Crestwood Equity’s commodity price exposure
The earnings of midstream companies, including larger ones such as Williams Partners (WPZ) and Energy Transfer Partners (ETP) and smaller ones such as and Crestwood Equity Partners (CEQP) and Antero Midstream Partners (AM), aren’t believed to have much direct commodity price exposure.
CEQP’s correlation with crude oil has risen to 0.45 over the past three months. A correlation coefficient of close to 1 could indicate a strong correlation between two variables. CEQP’s high correlation with crude oil likely reflects its involvement in crude oil and NGLs (natural gas liquids) acquisition and marketing activities.
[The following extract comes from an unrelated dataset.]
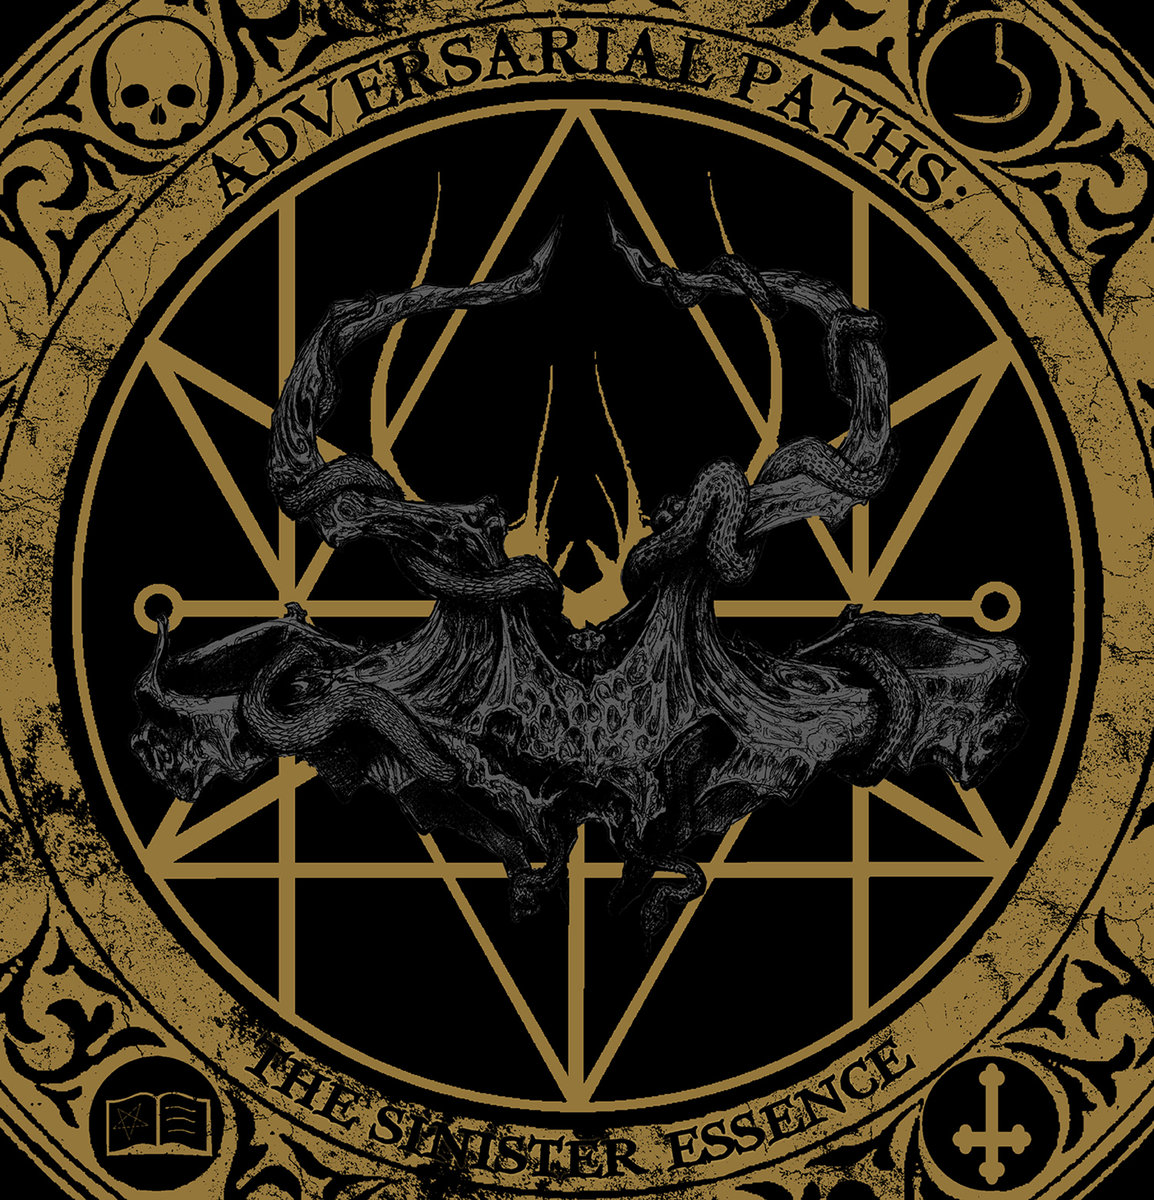 Kult of Taurus - Adversarial Paths: The Sinister Essence

Crestwood Equity’s indirect commodity exposure
Midstream companies are indirectly exposed to commodity prices through their production levels. If crude oil and natural gas prices stay low, upstream producers could cut production or even go bankrupt, which could result in lower throughput volumes, lower earnings, and higher counterparty risk. CEQP’s throughput volumes have been negatively impacted by production falls in the Bakken Shale, Barnett Shale, and Marcellus Shale regions.
According to Robert Phillips, CEQP’s CEO, “We think the crude oil markets are balancing, as supply growth has slowed down, and in many regions has actually turned over. While there is still volatility in oil, we’ve seen – we’ve recently seen a noticeable pickup in activity in our oilfocused areas.”
Phillips continued, “On the gas side prices have moved from approximately $2 an Mcf [thousand cubic feet] in early March up to $3 in early July and then back to about $2.75, $2.80 presently. That move has also triggered an increase in activity around the areas where we gather and process natural gas.”